33. Ways to Reach Position After K Steps
Fix the system: \(R + L = k\), \(R - L = \text{diff}\). Solve for \(R\). Answer is \(\binom{k}{R}\).
int numberOfWays(int startPos, int endPos, int k) {
int diff = abs(endPos - startPos);
if (diff > k || (k - diff) % 2 != 0) return 0;
// FIX: system of equations
// CALCULATE: R = (k + diff) / 2, answer = kCr
int r = (k + diff) / 2;
long long res = 1, mod = 1e9 + 7;
// Compute C(k, r) % mod
vector<long long> fact(k + 1), inv(k + 1);
fact[0] = 1;
for (int i = 1; i <= k; ++i) fact[i] = fact[i - 1] * i % mod;
// Fermat's little theorem for modular inverse
auto power = [&](long long base, long long exp, long long m) {
long long res = 1;
for (base %= m; exp > 0; exp >>= 1) {
if (exp & 1) res = res * base % m;
base = base * base % m;
}
return res;
};
inv[k] = power(fact[k], mod - 2, mod);
for (int i = k - 1; i >= 0; --i) inv[i] = inv[i + 1] * (i + 1) % mod;
return fact[k] % mod * inv[r] % mod * inv[k - r] % mod;
}
34. Count Sorted Vowel Strings
Stars and Bars: distribute \(n\) characters into 5 vowel bins.
35. Count Valid Pickup and Delivery
For \(n\) orders, you place \(2n\) events.
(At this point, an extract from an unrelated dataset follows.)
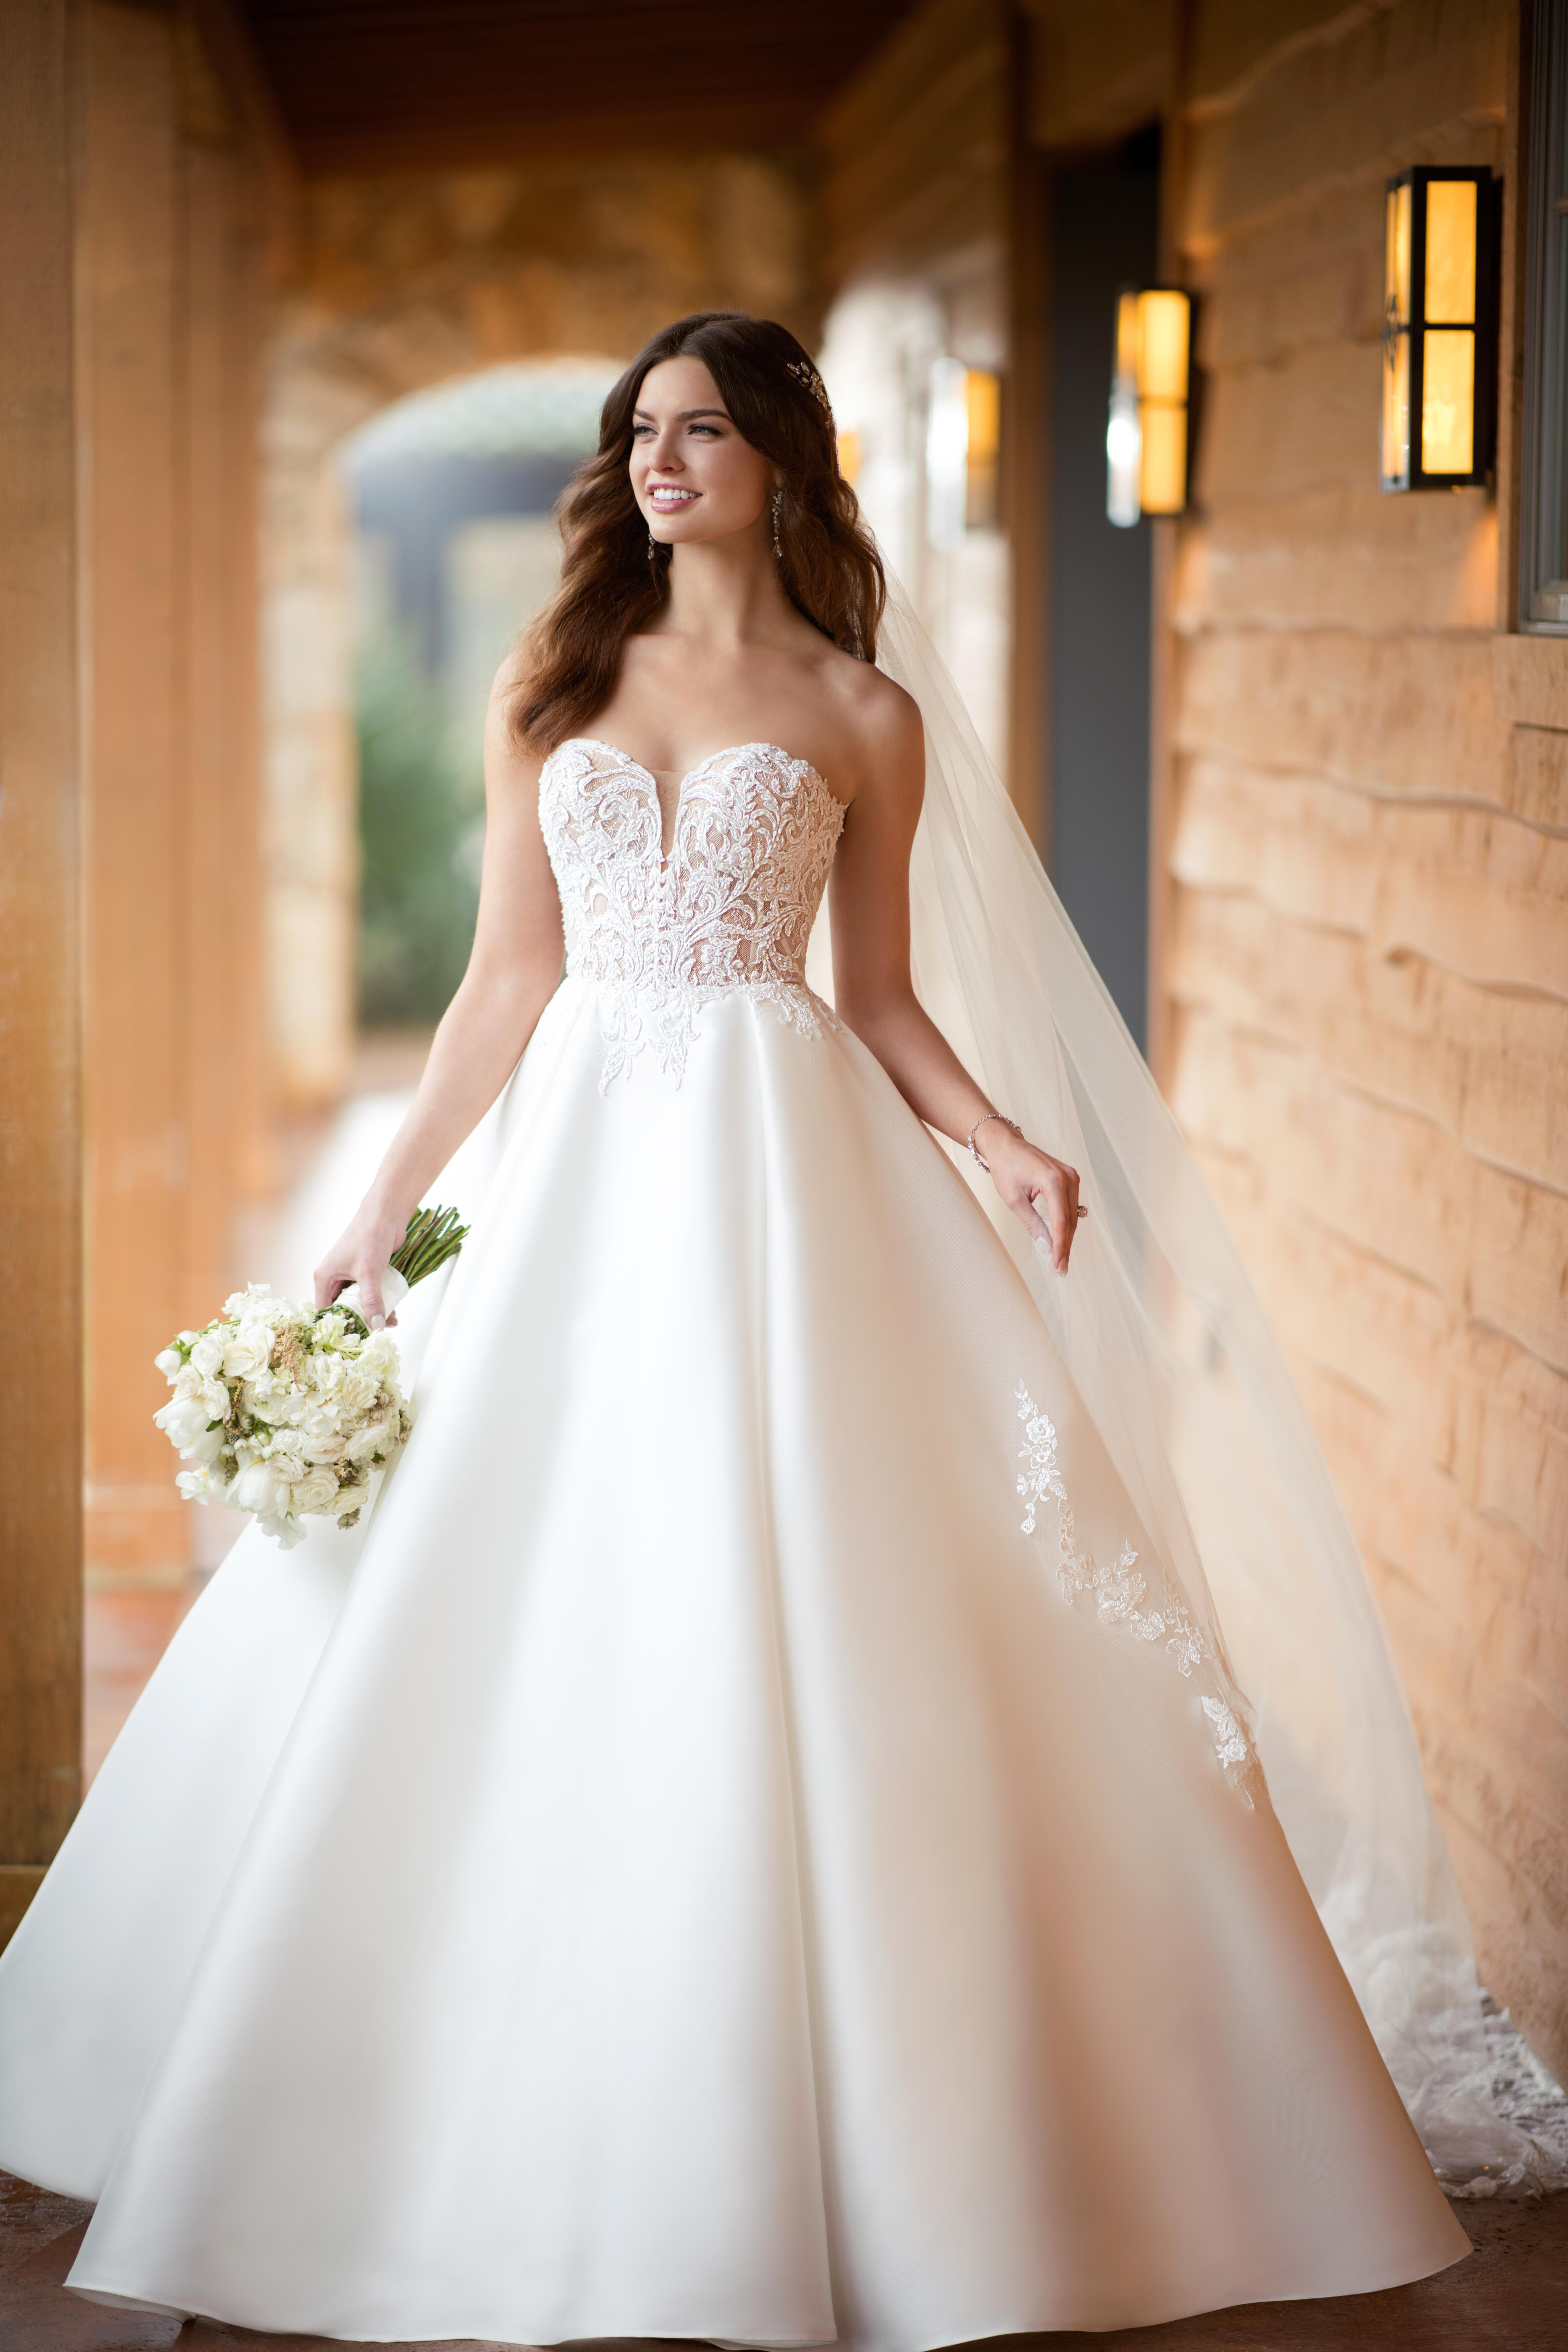 1e4596a6e3bb Mature Bride Sweetheart Wedding Dresses Australia Source · Essense of Australia  Wedding Gowns Bella Sposa Bridal Boutique

Order \(i\): pickup must come before delivery. Formula: \(n! \times (1 \times 3 \times 5 \times \ldots \times (2n-1))\).
Wrapping Up Session 1
Across these four pages, you've learned one core move applied everywhere:
| Page | What You Fix | Data Structure |
|---|---|---|
| The Fixing Mindset | The philosophy | None — just thinking |
| Fix the Equation | Values, remainders, complements | Arrays + hash maps |
| Fix the Structure | Edges, nodes, paths | Trees + stacks |
| Fix the Group | Components, degrees, structure | Graphs |
The technique scales from Two Sum to graph component analysis. The thinking is always the same: pick one thing, hold it still, see what the rest of the problem has to be.